Code and Exercises adapted from:
https://www.tensorflow.org/model_optimization/guide/pruning/pruning_with_keras?hl=en

## Setup
Let's start with the setup of our development environment:

In [None]:
# Install libraries
!pip install -q tensorflow-model-optimization

In [None]:
# Imports
import tempfile
import os
import numpy as np

# TensorFlow & Keras Imports
import tensorflow as tf
from tensorflow import keras

# TensorFlow & Keras Optimisation Libraries
import tensorflow_model_optimization as tfmot

%load_ext tensorboard

In [None]:
# Helper Funtion: Compress the models via gzip and measure the zipped size
def get_gzipped_model_size(file):
  # Returns size of gzipped model, in bytes
  import os
  import zipfile

  _, zipped_file = tempfile.mkstemp('.zip')
  with zipfile.ZipFile(zipped_file, 'w', compression=zipfile.ZIP_DEFLATED) as f:
    f.write(file)


  return os.path.getsize(zipped_file)

In [None]:
# Helper Function: Evaluate the TensorFlow Lite model on the test dataset
def evaluate_model(interpreter):
  input_index = interpreter.get_input_details()[0]["index"]
  output_index = interpreter.get_output_details()[0]["index"]

  # Run predictions on ever y image in the "test" dataset.
  prediction_digits = []
  for i, test_image in enumerate(test_images):
    # if i % 1000 == 0:
      # print('Evaluated on {n} results so far.'.format(n=i))
    
    # Pre-processing: add batch dimension and convert to float32 to match with the model's input data format
    test_image = np.expand_dims(test_image, axis=0).astype(np.float32)
    interpreter.set_tensor(input_index, test_image)

    # Run inference.
    interpreter.invoke()

    # Post-processing: remove batch dimension and find the digit with highest
    # probability.
    output = interpreter.tensor(output_index)
    digit = np.argmax(output()[0])
    prediction_digits.append(digit)

  # print('\n')
  
  # Compare prediction results with ground truth labels to calculate accuracy.
  prediction_digits = np.array(prediction_digits)
  accuracy = (prediction_digits == test_labels).mean()
  
  
  return accuracy

## MNIST
We will used the MNIST example to understand the pruning pipeline in TensorFlow & Keras

We start by training a model without pruning, on the MNIST dataset:

In [None]:
# Load MNIST dataset
mnist = keras.datasets.mnist
(train_images, train_labels), (test_images, test_labels) = mnist.load_data()

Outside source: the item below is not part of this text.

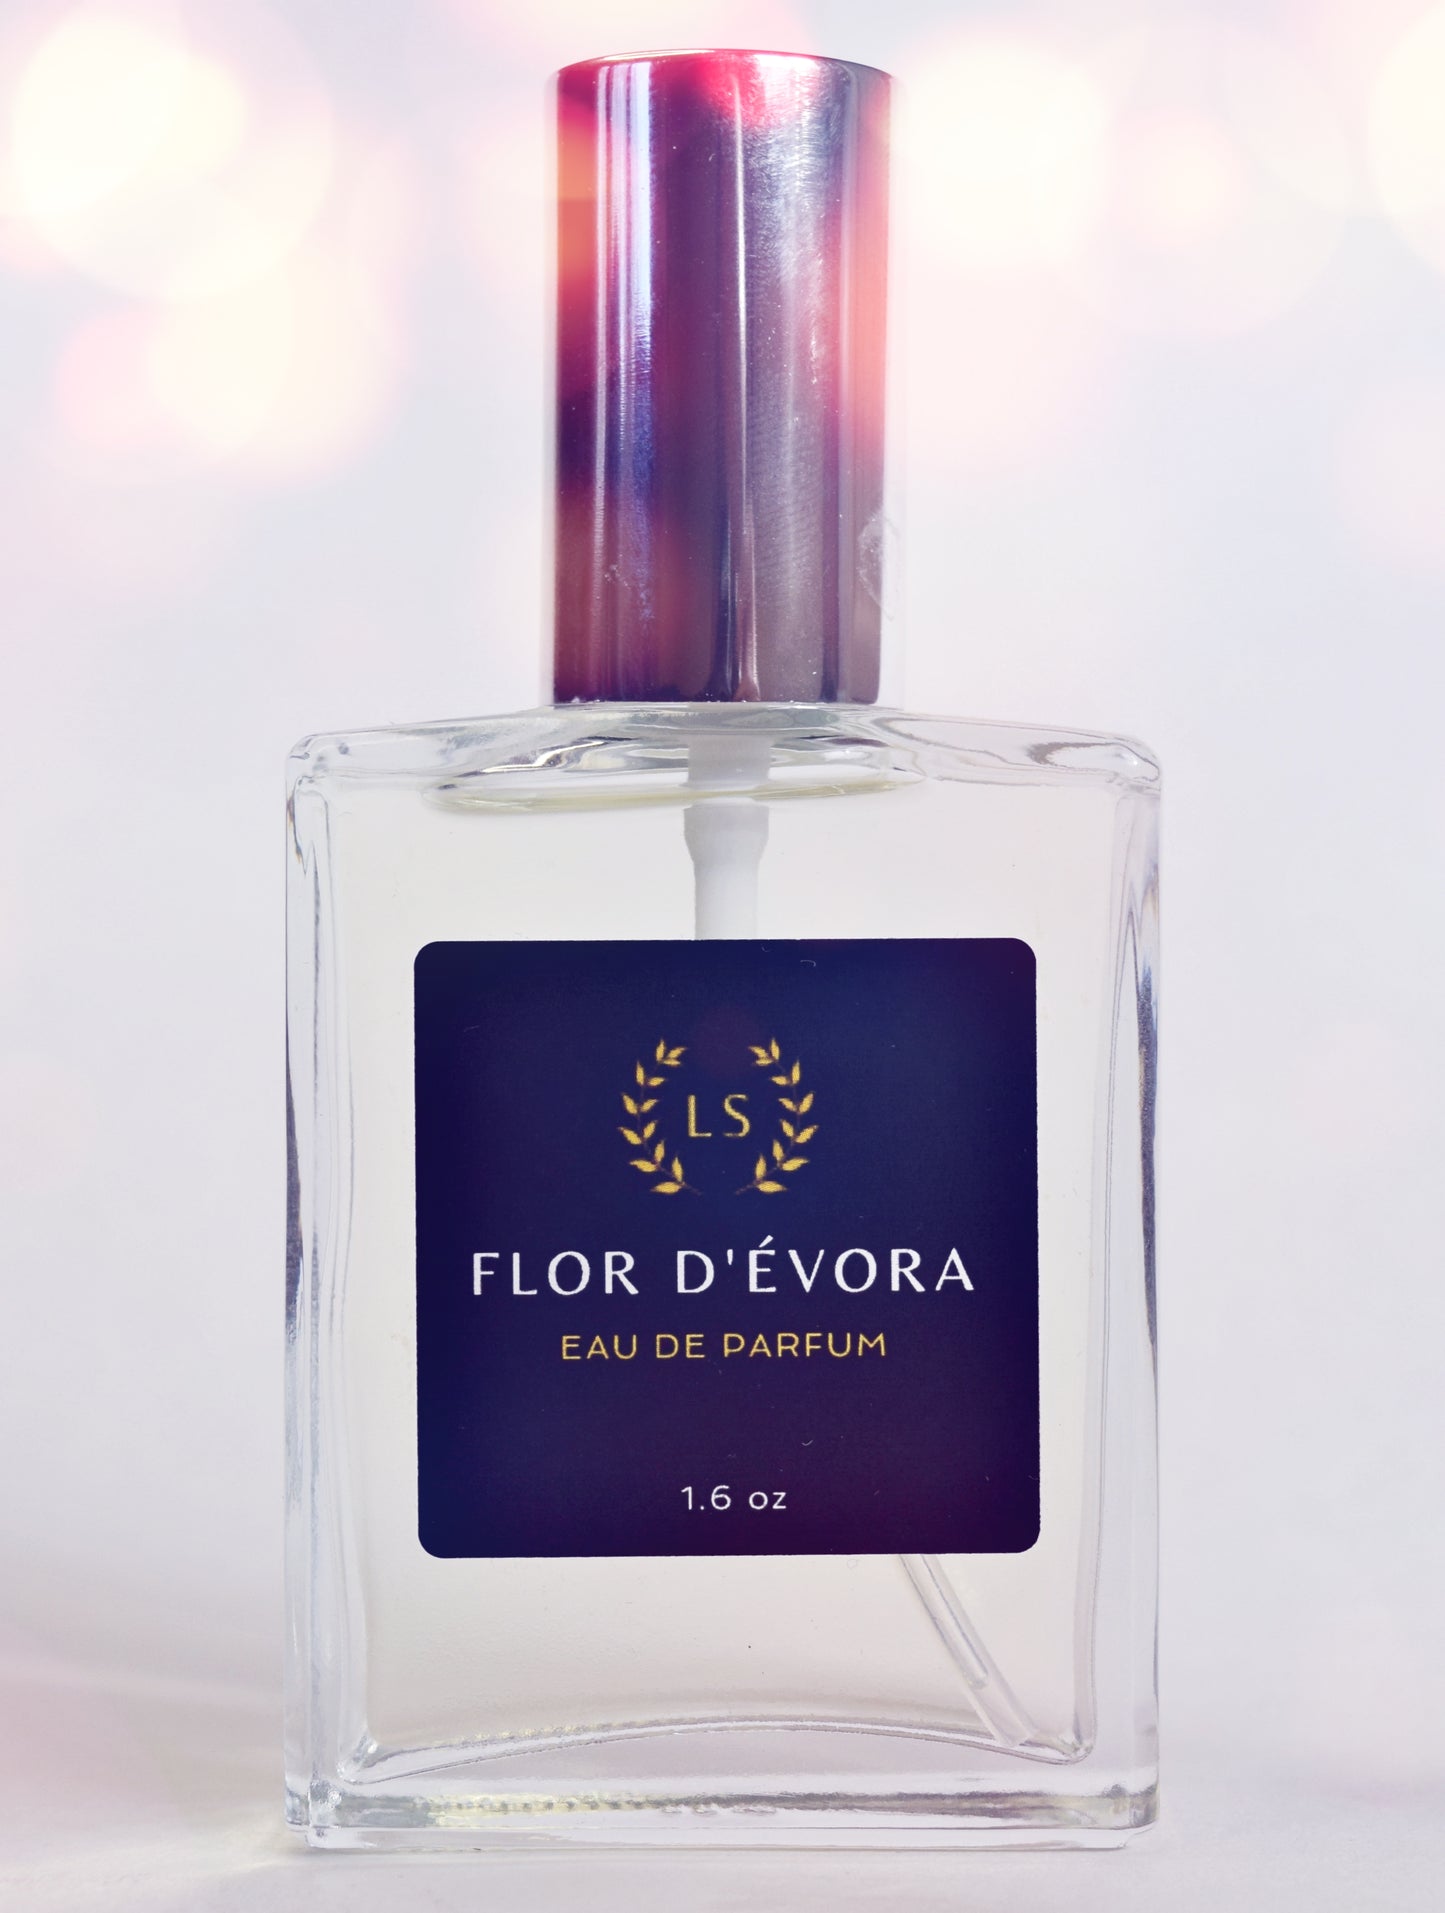 Eau de Parfum Flor D'Évora - Rosewood, Lily, Amber, Sandalwood for Sensual Floral Long Lasting Aromas

# Normalize the input image so that each pixel value is between 0 and 1.
train_images = train_images / 255.0
test_images = test_images / 255.0


# Define the model architecture.
model = keras.Sequential([
  keras.layers.InputLayer(input_shape=(28, 28)),
  keras.layers.Reshape(target_shape=(28, 28, 1)),
  keras.layers.Conv2D(filters=12, kernel_size=(3, 3), activation='relu'),
  keras.layers.MaxPooling2D(pool_size=(2, 2)),
  keras.layers.Flatten(),
  keras.layers.Dense(10)
])


# Train the digit classification model
# We have to compile the model first
model.compile(optimizer='adam', loss=tf.keras.losses.SparseCategoricalCrossentropy(from_logits=True), metrics=['accuracy'])

# Let's print the model summary
model.summary()

# Let's fit the model to our data
model.fit(train_images, train_labels, epochs=5, validation_split=0.1)

In [None]:
# Let's check the model accuracy
_, baseline_model_accuracy = model.evaluate(test_images, test_labels, verbose=0)

# Print the value in the Terminal
print('Baseline Model Test Accuracy:', baseline_model_accuracy)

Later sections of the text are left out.